FLORIDA LAW AND CERTAIN ANTI-TAKEOVER CHARTER PROVISIONS

     Florida has enacted legislation that may deter or frustrate
takeovers of the Company.  The Florida Control Share Act generally
provides that shares acquired in excess of certain specified thresholds,
starting at 20%, will not possess any voting rights unless such voting
rights are approved by a majority vote of a corporation's shareholders. 
The Florida Affiliated Transactions Act generally requires supermajority
approval by disinterested directors or shareholders of certain specified
transactions between a corporation and holders of more than 10% of the
outstanding voting shares of the corporation or their affiliates.

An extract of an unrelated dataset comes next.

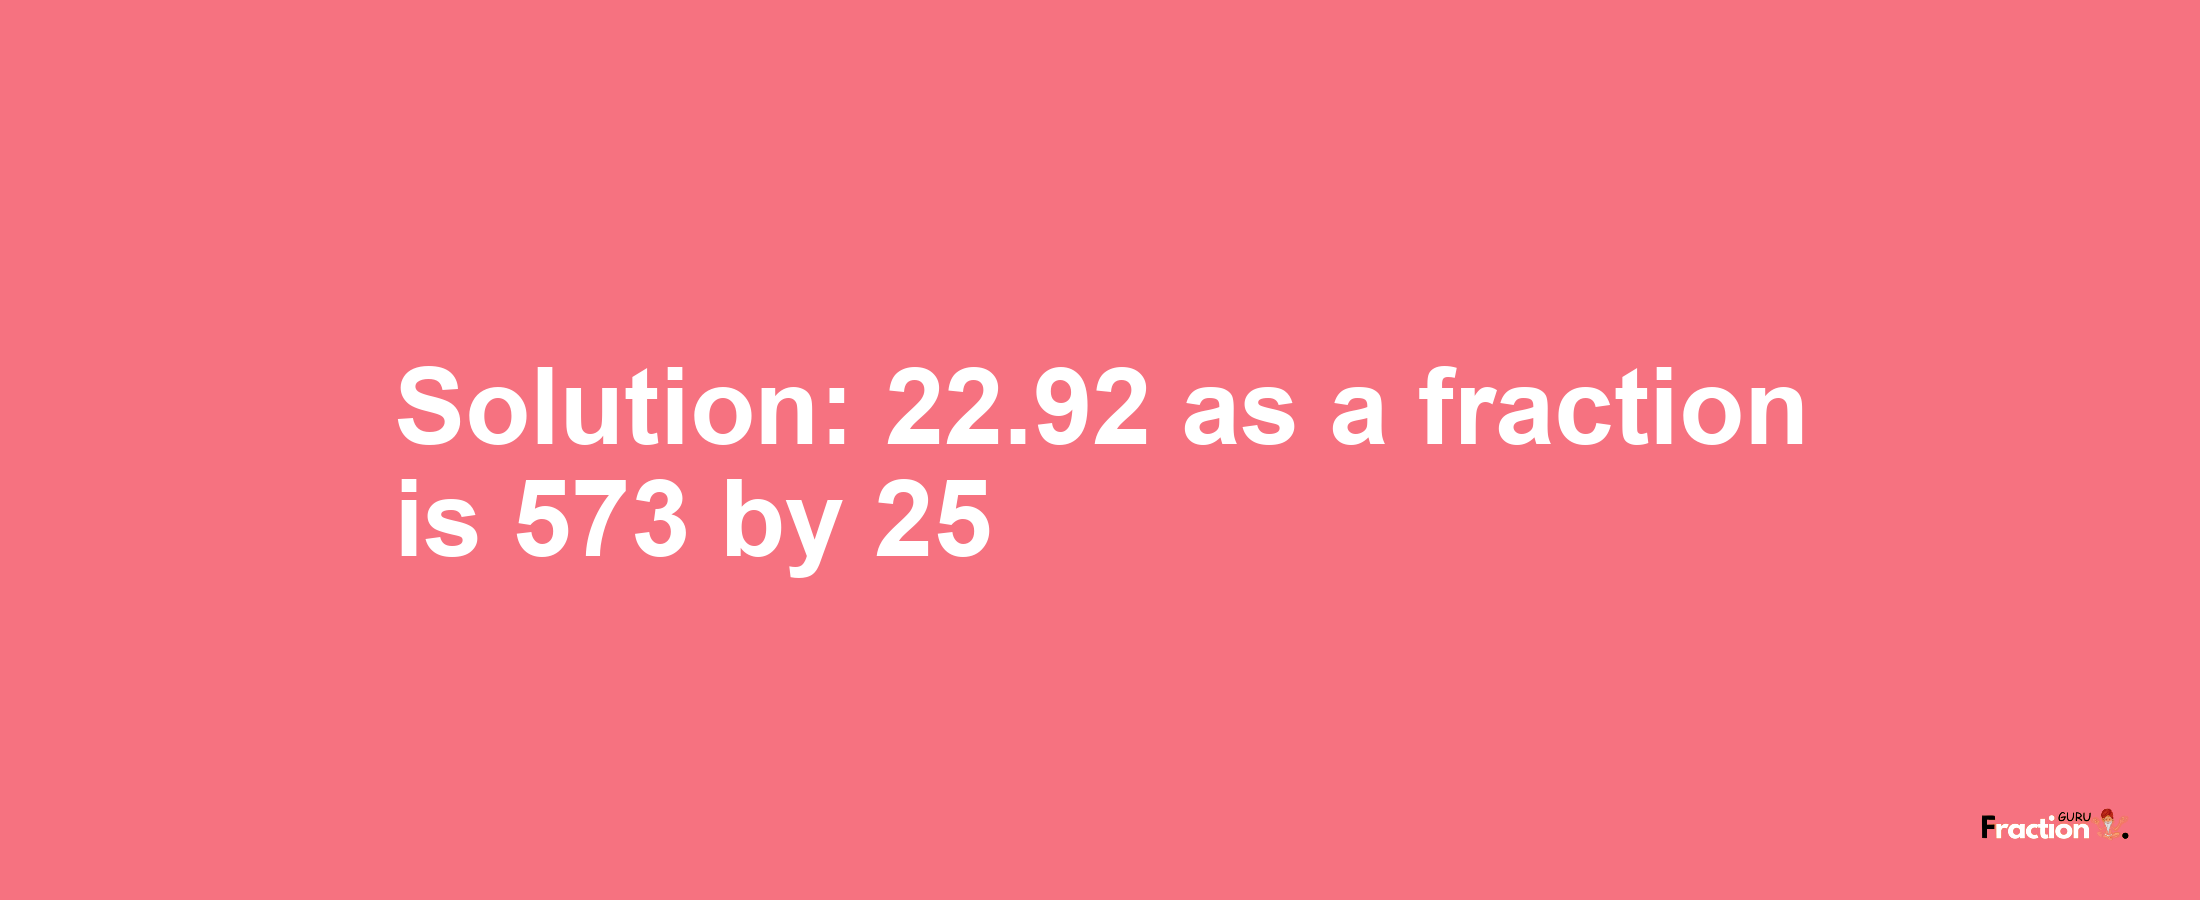 Solution:22.92 as a fraction is 573/25
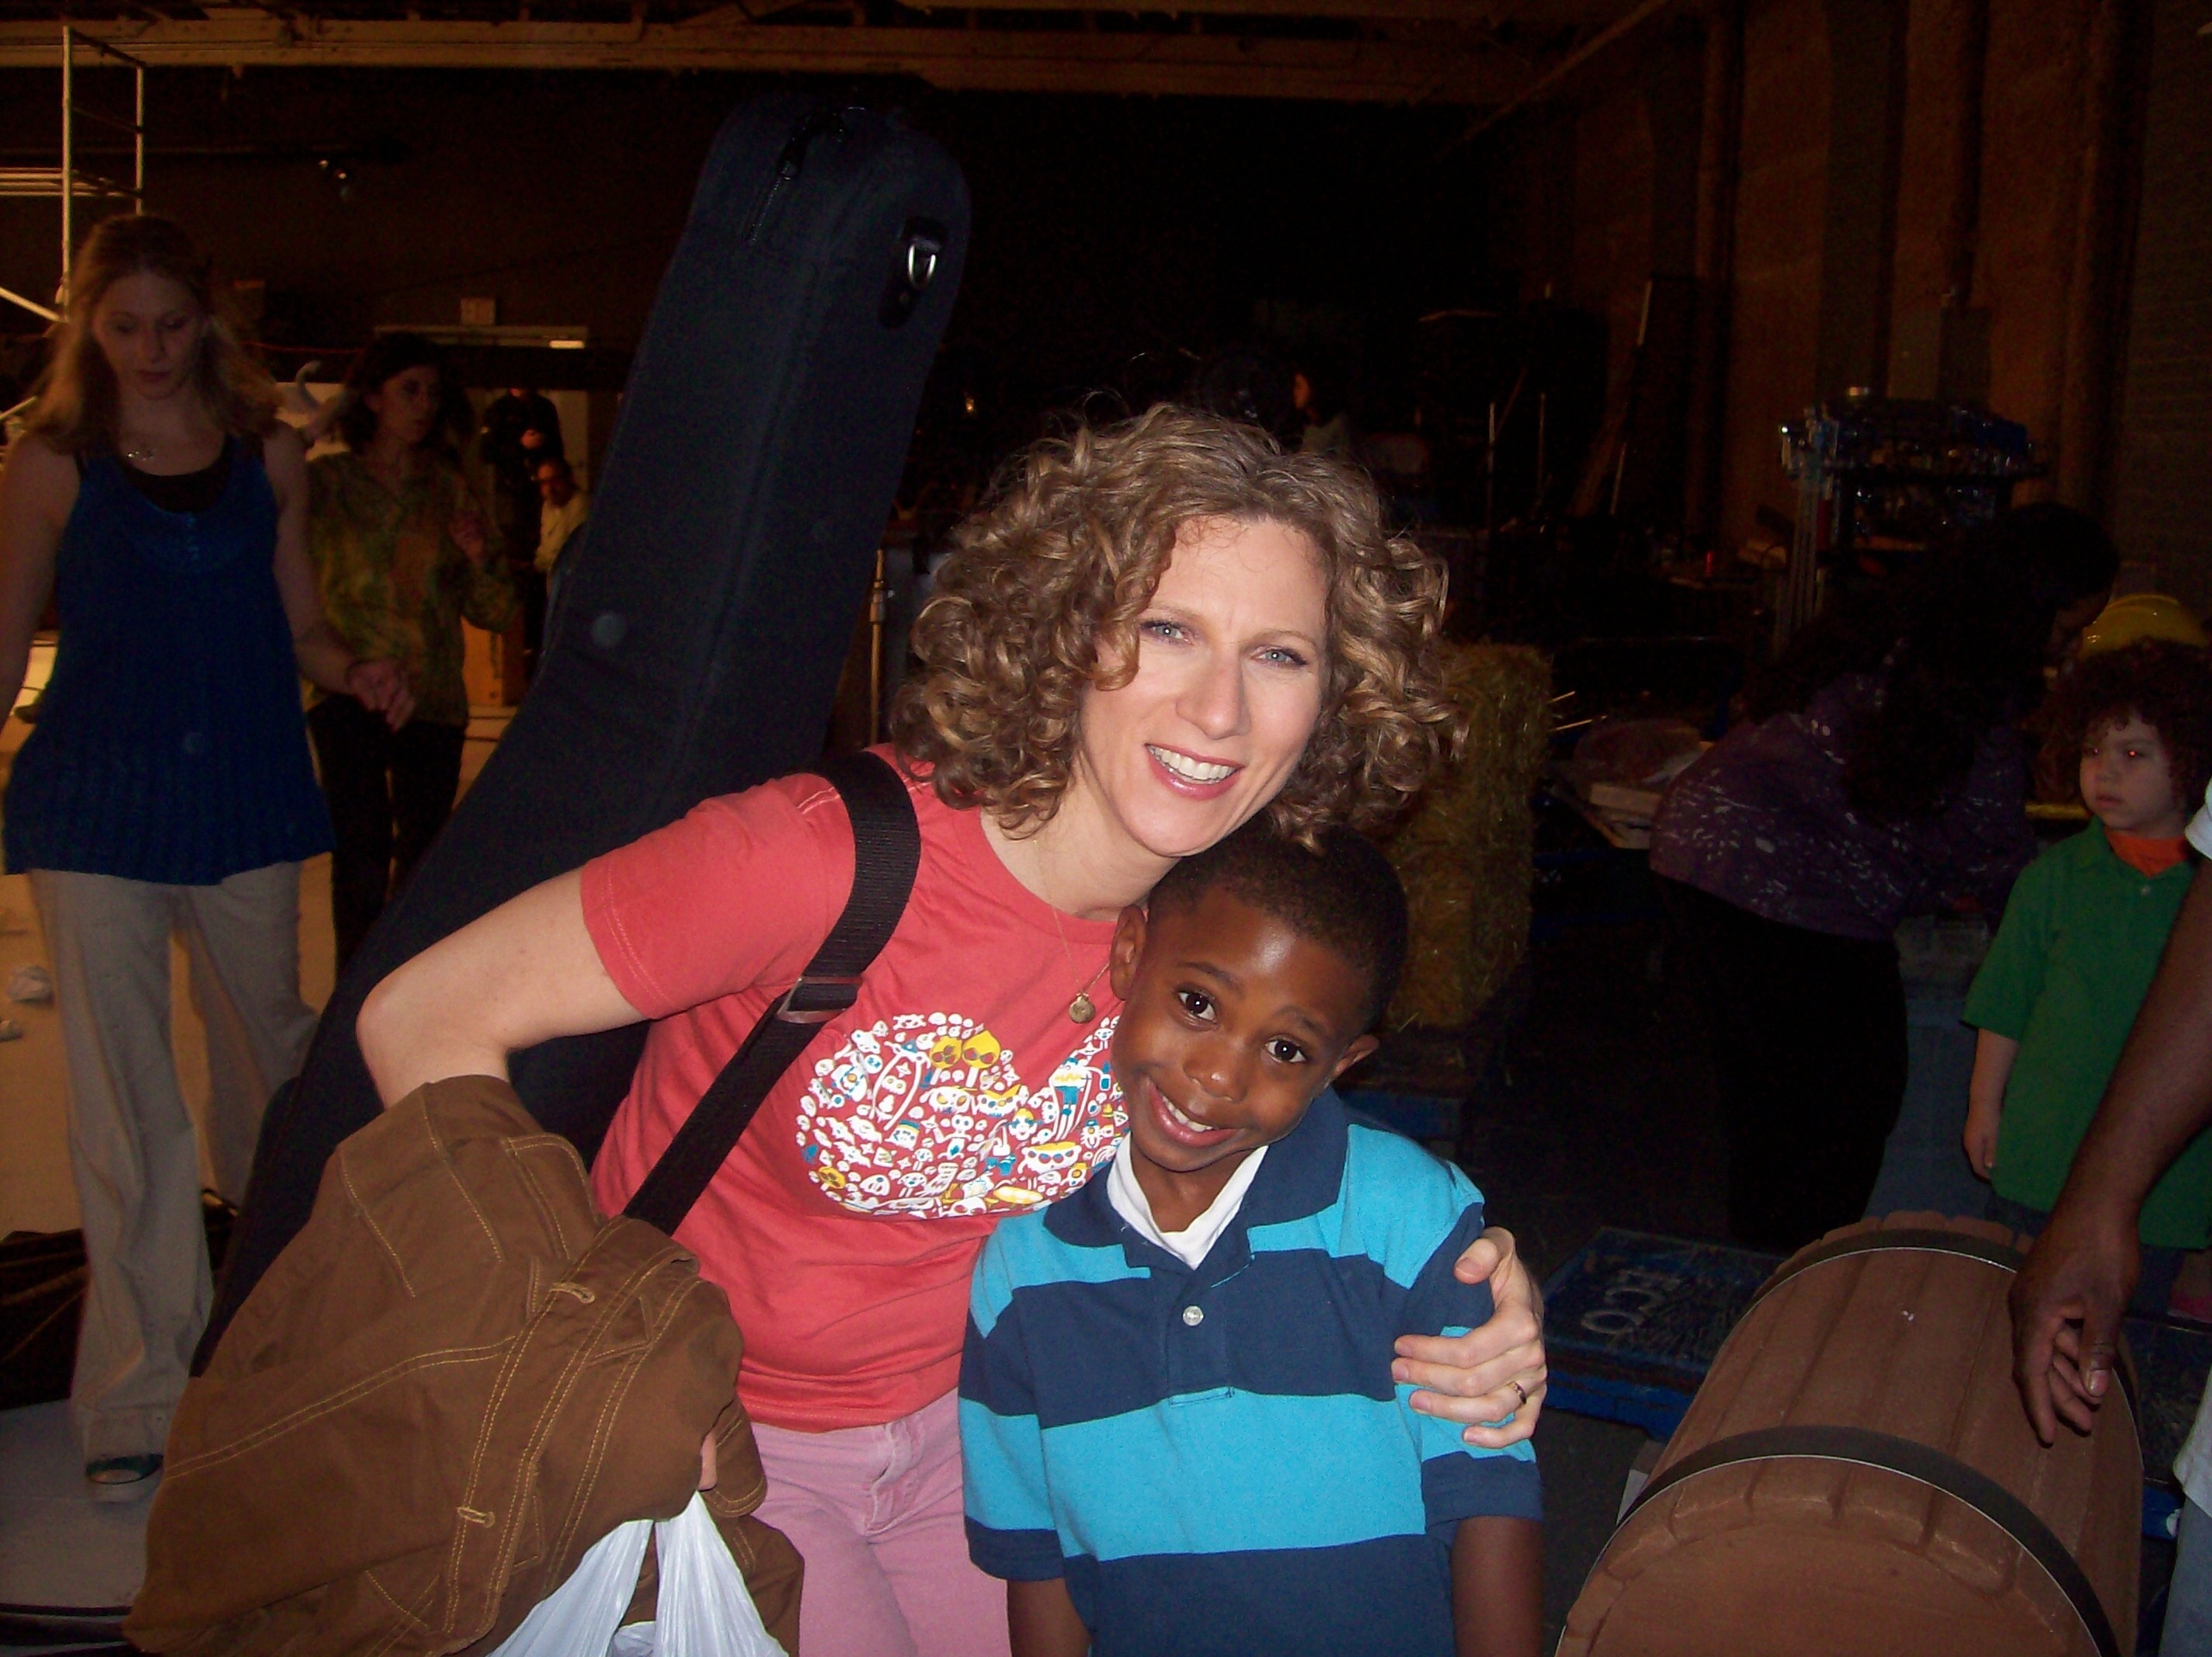 Avery on set with Laurie Berkner (Laurie Berkner Band) after music video shoot in NYC. Picture taken May 23, 2008.

     The Company's Amended and Restated Articles of Incorporation
authorize the Board of Directors to issue up to 2,000,000 shares of
Preferred Stock and to determine the price, rights, preferences and
privileges, including voting rights, of those shares without any further
vote or action of the shareholders.  The rights of the holders of the
Company's Common Stock will be subject to, and may be adversely affected
by, the rights of the holders of any Preferred Stock issued by the
Company, including shares of Series A Preferred which are currently
outstanding or may be issued in the future.  In addition, without the
prior written approval of the holders of 66 2/3% of the Series A
Preferred shares, the Company shall not (1) consolidate or merge with
another corporation or other entity or person, whereby the shareholders
of the Company own in the aggregate less than 50% of the ultimate parent
or surviving entity, (2) transfer all or substantially all of the
Company's assets to another corporation or other entity or person, or (3)
fix a record date for the declaration of a distribution or dividend,
whether payable in cash, securities or assets (other than shares of
common stock).  The Company's Amended and Restated Articles of
Incorporation also provide for staggered terms for the members of the
Board of Directors.  Certain provisions of the Company's By-laws, the
issuance of Preferred Stock, certain provisions of the Company's Amended
and Restated Articles Incorporation, and the staggered Board of Directors
could have a depressive effect on the Company's stock price or discourage
a hostile bid in which shareholders could receive a premium for their
shares.  In addition, these provisions could have the effect of making it
more difficult for a third party to acquire a majority of the outstanding
voting stock of the Company, or delay, prevent or deter a merger,
acquisition, tender offer or proxy contest for the Company. 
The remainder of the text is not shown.